However, there are two ways to minimise these fees. First, you can open an account with Revolut, the digital finance app, and deposit money in GBP. Revolut allows you to open a US Dollar account for free and charges no conversion fees when exchanging currency between your own accounts. 

So you can open a GBP account with Revolut, then open a USD account. Fund your Revolut account for free in GBP and then convert it to USD for free. You can then fund your eToro account by bank transfer from your Revolut US Doller account, in which case you can see your USD bank details in the Revolut app. 

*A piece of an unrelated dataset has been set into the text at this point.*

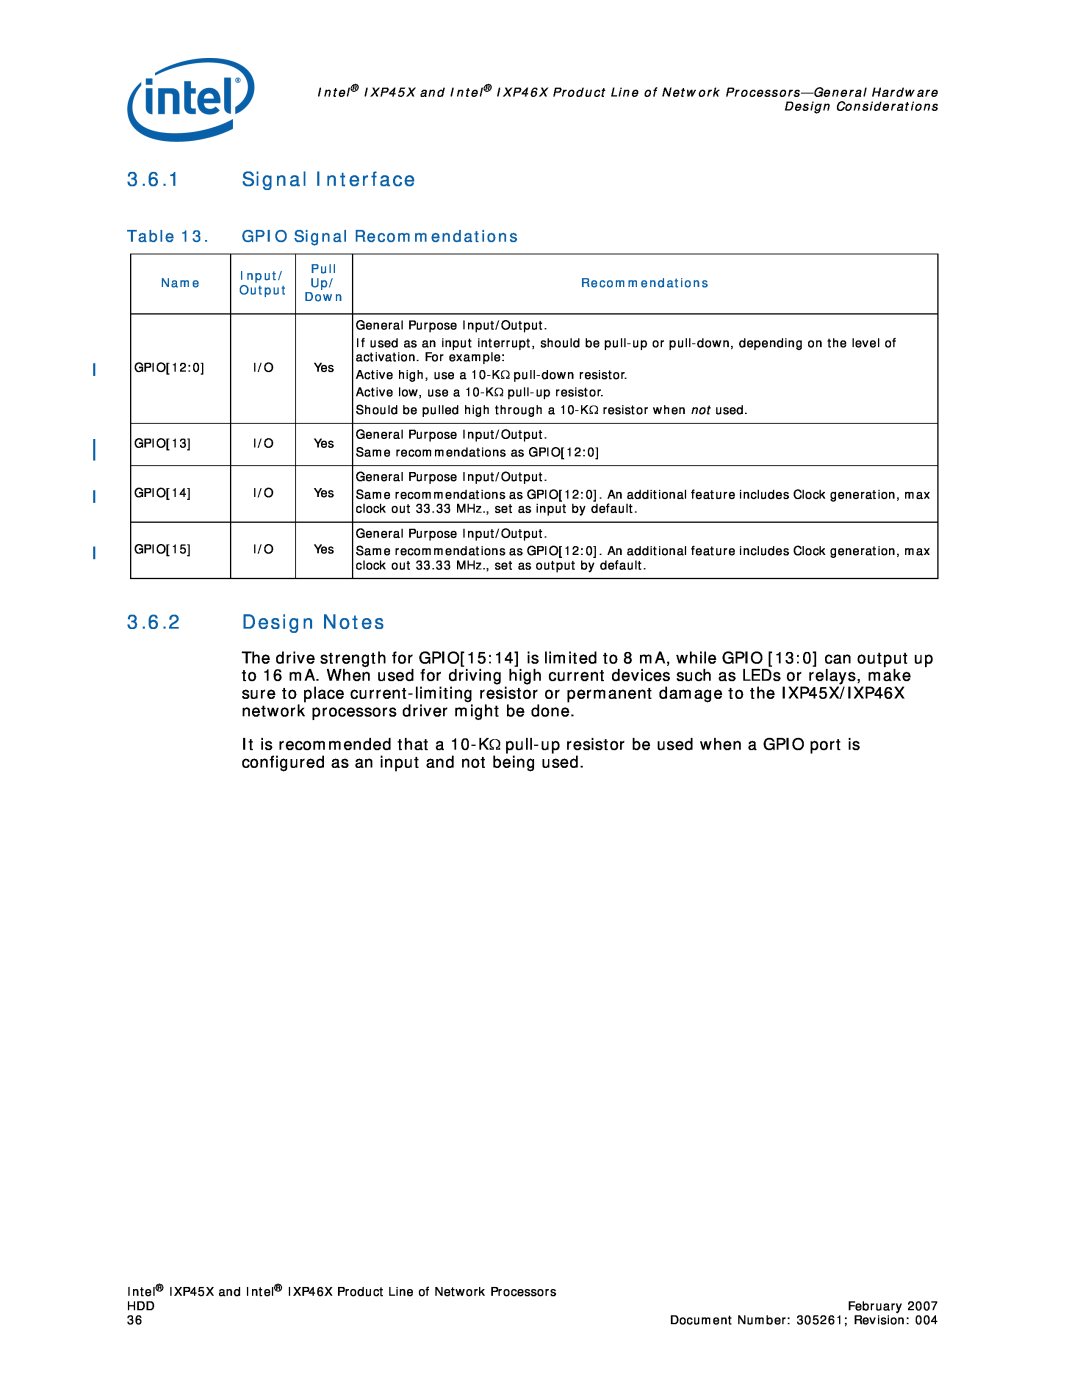 Intel IXP46X, IXP45X manual 3.6.1Signal Interface, 3.6.2Design Notes, GPIO Signal Recommendations 
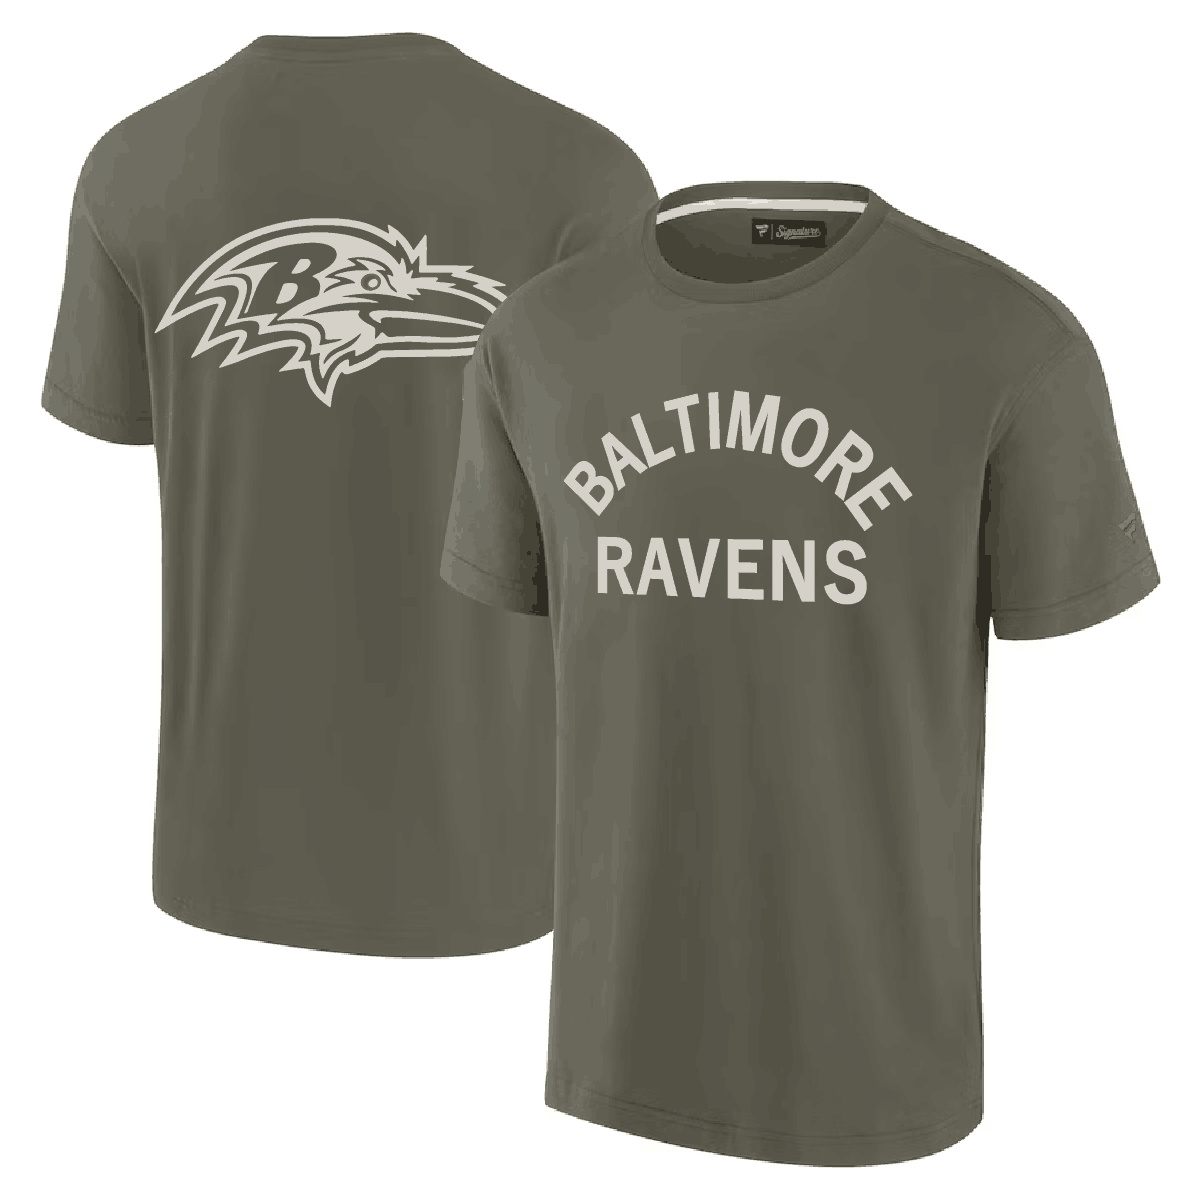 Men's Baltimore Ravens Olive Elements Super Soft T-Shirt

Or can you use your Revolut virtual card to pay into your eToro account directly in USD. Go to your Revolut virtual card details in the app, then go to settings and choose to ‘spend from’ your USD balance.

Alternatively, you can open an eToro Money account. This is eToro’s version of a digital payments and banking service.

All deposits via eToro Money into your eToro investment account in GBP are free. Holding an eToro Money account is currently also free, but this may change in 2024 as eToro is planning to bring in monthly fees, much like you see with Revolut and Monzo accounts.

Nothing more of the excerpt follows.